You have to be kidding, I replied. Then friend #2 waded in.

Don’t take it personally, Sammy. This happens to everyone on dating sites – happened to me, too. Many people go on just to browse and flirt (to work up the courage, pretend to be unmarried, feel good about themselves, role play, etc.), not to actually meet someone in person. It’s truly effed for people who are serious about dating, but I think it just comes with the territory and you have to blow it off. I had a rule that I wouldn’t have more than two email exchanges with someone interesting without setting up a coffee date – and NO phone calls before meeting. Men evaporated on me many times at that point, or wanted to draw out the email/phone exchanges, which is never a good idea. Try to take your emotions out of the mix and just move on.

So let me see if I have this straight. I was out there taking my own emotional risks, and doing so in good faith, while a certain percentage of women were using me to make themselves feel good.

Oh hell no.

Fluffing your own ego while damaging the self-esteem of others isn’t okay. It’s pathological. It’s amoral. It’s patently sociopathic behavior. There are people online – especially people past their early 30s – who are emerging from bad marriages. It may have been years since they braved the harsh emotional minefield that is the dating world. They may be scarred, they may be utterly terrified of submitting themselves to the marketplace. What if no one wants them? What if they’re not good enough? Are they going to be alone forever?

Did you pause to consider that you may be inflicting emotional damage? Oh, wait, here it is. Yes, yes you did.

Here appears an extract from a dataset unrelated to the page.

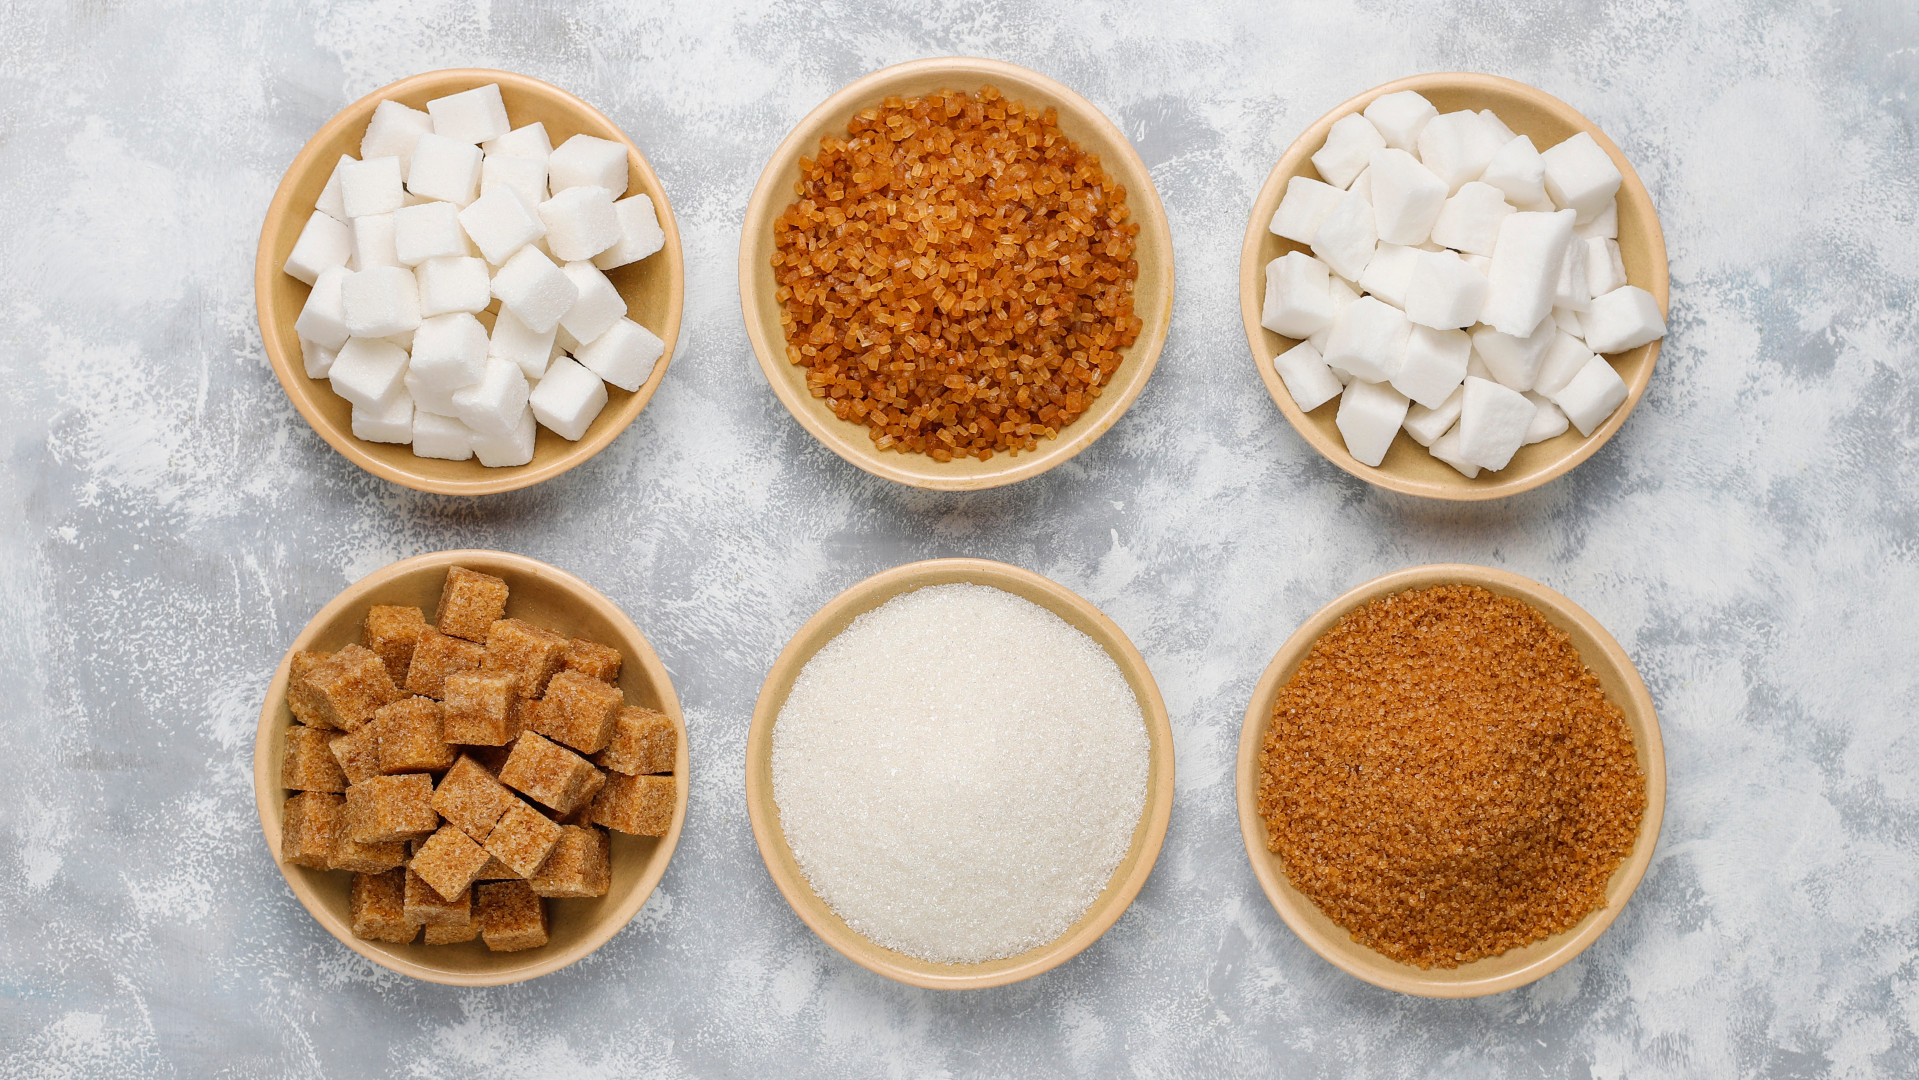 Foto de capa do artigo "Açúcar: quais os tipos e benefícios? Pode fazer mal?"
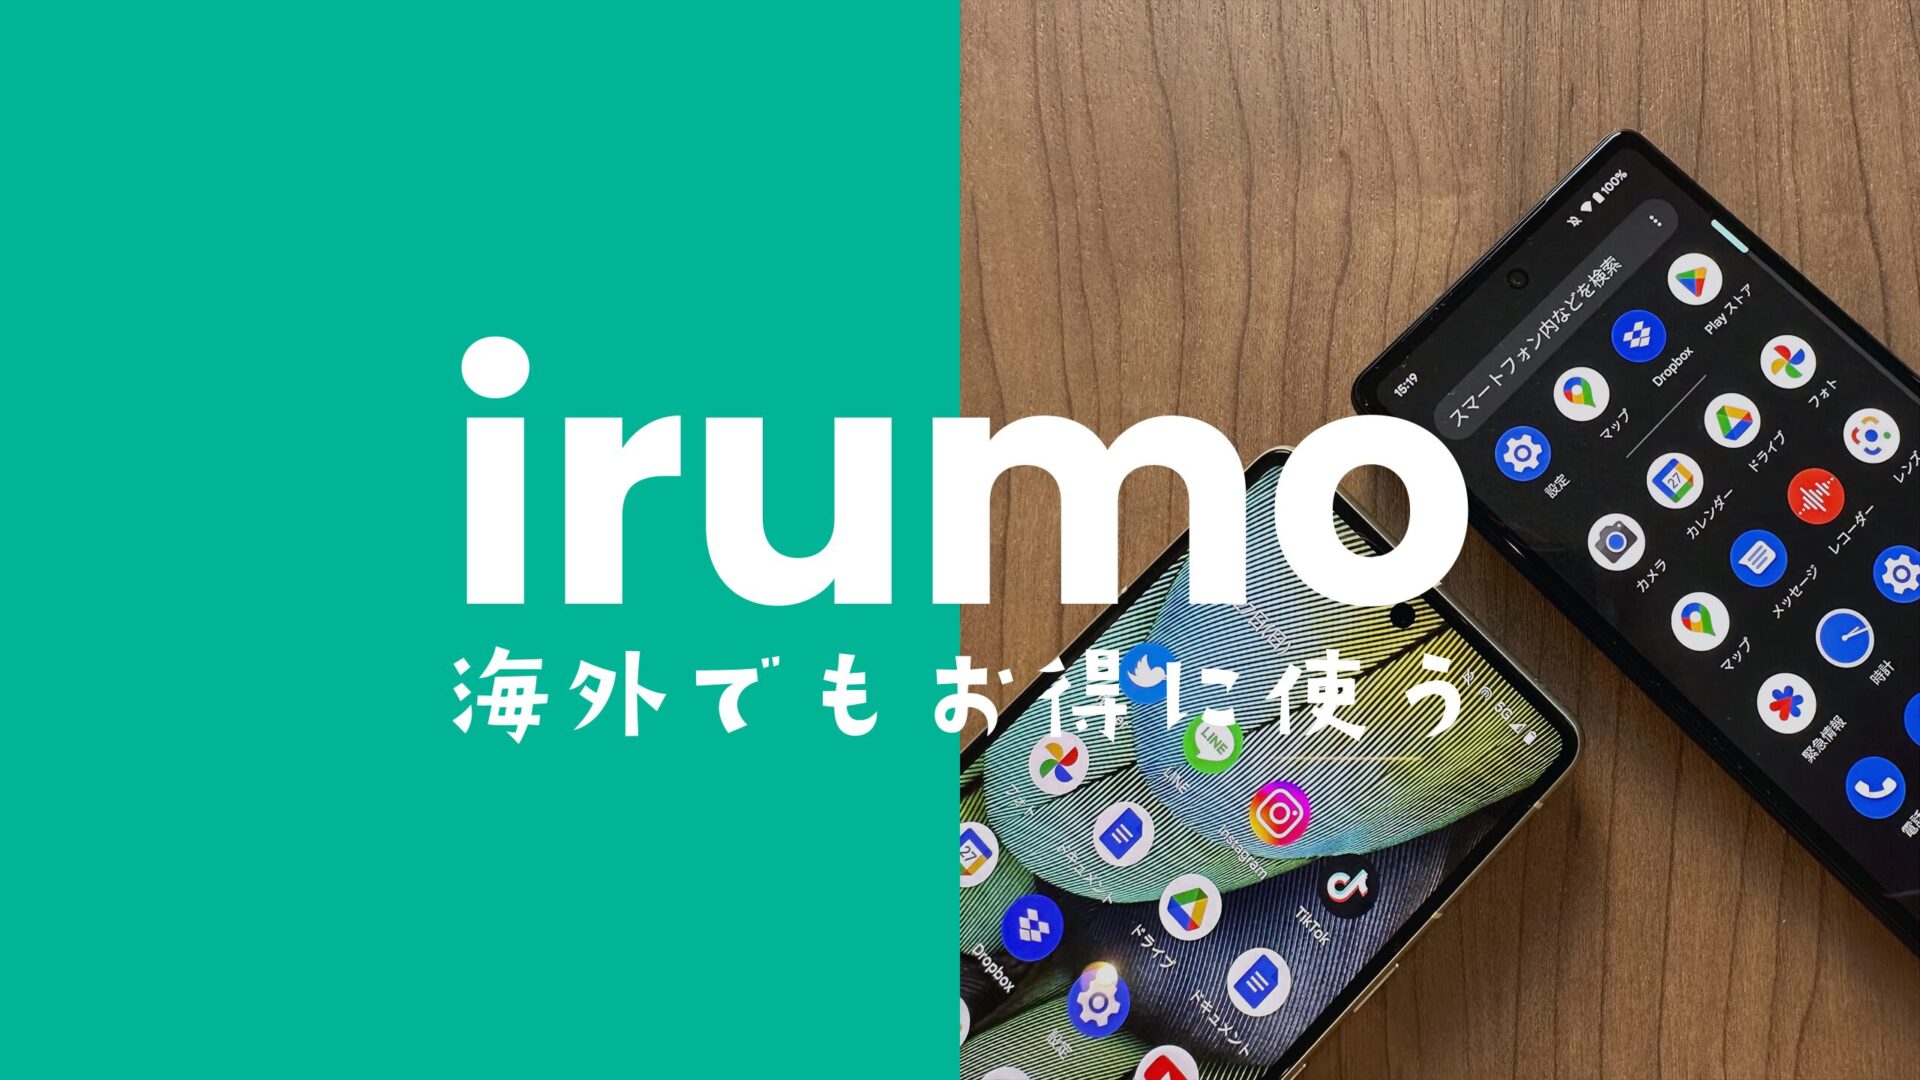 irumo(イルモ)は韓国で使える。データ通信対応で電話やSMSもOKのサムネイル画像

Sometimes, I’d feel bad for the guys. Some of them were obviously looking for something serious and I was just wasting their time. I remember one in particular who was really cut up about his ex cheating on him – we talked about it a lot. I vaguely told him that I’d had ‘similar experiences’, but I cried all the way home because I felt like I was re-traumatising him in some way.

Thank god, a moment of self-awareness. This means you’ve stopped doing it. Right?

Even now, I don’t think what I’m doing is cheating, I consider it more like ‘meeting new people’ with an added ego boost – but I do feel bad for having to be sneaky. I’m aware that I’m betraying his trust – even with the kissing – but I also felt I couldn’t move forward with our relationship unless I was sure that it was still what I wanted.

One of my rules is to always let my dates down gently at the end of each date. I usually just go with ‘I had a lot of fun, but I think this is as far as I want to take it…’ They’re always really kind about it, though it probably seems a bit odd that I cut all contact so quickly. I’m sure no one enjoys being blocked.

As I said earlier, I’m so fucking glad I don’t have to deal with malignant users like you anymore.

I wish for you, and all the people like you (male and female), nothing more or less than what your behavior has earned you.

If you’re smart, you’ll pray there’s no such thing as karma.